The fix introduces proper project registration and integrity tracking through the @pnpm/package-store module:
} from '@pnpm/types'
import pathAbsolute from 'path-absolute'
import clone from 'ramda/src/clone'
+import { registerProject } from '@pnpm/package-store'
import { readLockfiles } from './readLockfiles.js'
/**
Source: GitHub Commit
The patch adds the package-store module as a dependency in the build configuration:
{
"path": "../../resolving/resolver-base"
},
+ {
+ "path": "../../store/package-store"
+ },
{
"path": "../modules-yaml"
},
Source: GitHub Commit
Detection Methods for CVE-2025-69263
Indicators of Compromise
- Lockfile entries for HTTP tarball dependencies lacking integrity field
- Dependencies with URLs starting with http:// or https:// pointing to non-registry hosts
- Discrepancies between installed package contents across different environments
- Git-hosted tarball references in pnpm-lock.yaml without cryptographic verification
Detection Strategies
- Audit pnpm-lock.yaml files for dependencies referencing HTTP tarballs or git-hosted packages
- Implement CI/CD checks that compare package checksums between development and deployment environments
- Monitor for unexpected network requests to non-standard package hosting locations during installation
- Use software composition analysis (SCA) tools to flag dependencies without integrity verification
Monitoring Recommendations
- Enable verbose logging during pnpm installations to track all dependency sources
- Implement network monitoring to detect connections to unexpected tarball hosting servers
- Configure alerts for lockfile modifications that remove or omit integrity hashes
- Review dependency trees for packages introducing HTTP tarball dependencies
How to Mitigate CVE-2025-69263
Immediate Actions Required
- Upgrade pnpm to version 10.26.0 or later immediately
- Audit existing pnpm-lock.yaml files for HTTP tarball dependencies without integrity hashes
- Re-generate lockfiles after upgrading to ensure integrity hashes are computed
- Review dependency trees for packages using HTTP or git-hosted tarballs
Patch Information
The vulnerability is fixed in pnpm version 10.26.0. The fix ensures that HTTP tarball dependencies and git-hosted tarballs are stored in the lockfile with proper integrity hashes, preventing content substitution attacks.

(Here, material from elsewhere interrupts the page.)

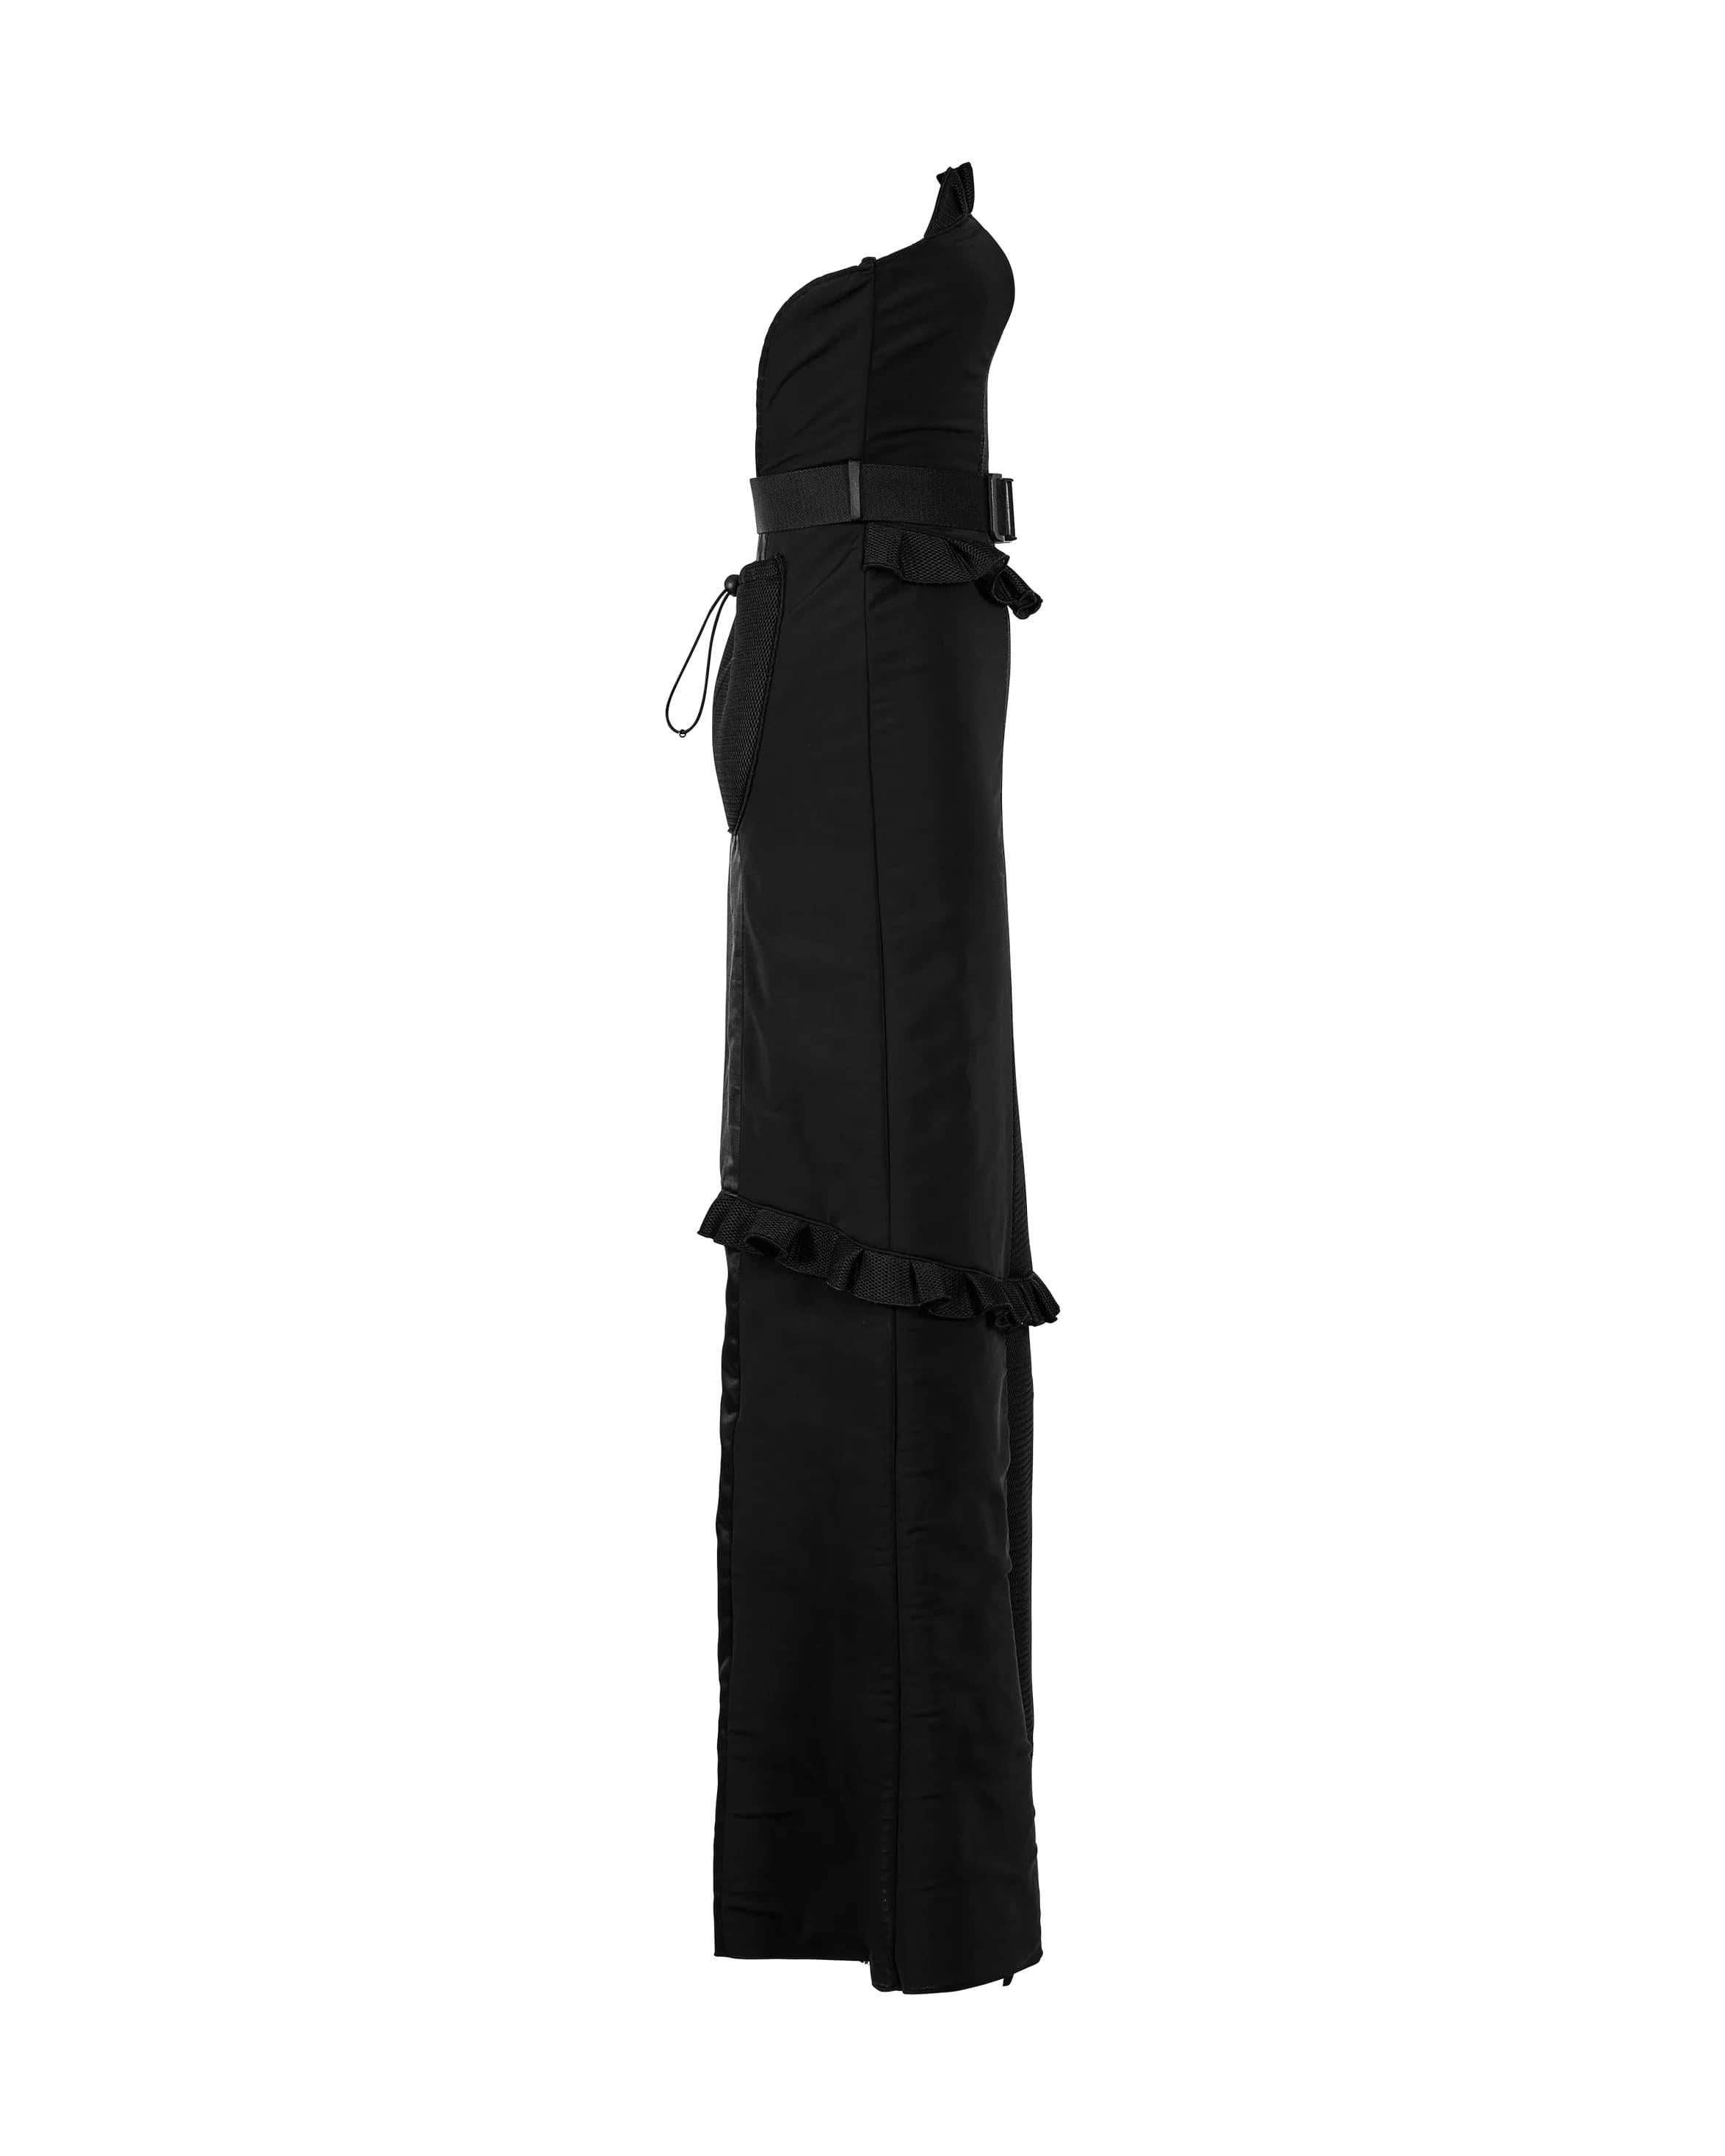 A/W 1999 Miu Miu by Miuccia Prada utility-inspired black strapless nylon and neoprene mesh dress with adjustable seatbelt buckle accent. Showstopping nylon dress with mesh paneling throughout, including intricate mesh ruffle bust and hip detailing,

For detailed patch information, refer to the GitHub Security Advisory and the commit implementing the fix.
Workarounds
- Avoid using packages that depend on HTTP tarballs until upgrading is possible
- Manually verify package contents against known-good checksums before deployment
- Use private registries with integrity verification for all dependencies
- Implement strict network policies preventing installations from untrusted HTTP sources
# Upgrade pnpm to the patched version
npm install -g pnpm@latest
# Verify pnpm version
pnpm --version
# Regenerate lockfile with integrity hashes
rm pnpm-lock.yaml
pnpm install
# Audit lockfile for missing integrity hashes
grep -B5 -A5 "tarball:" pnpm-lock.yaml | grep -L "integrity:"
Disclaimer: This content was generated using AI. While we strive for accuracy, please verify critical information with official sources.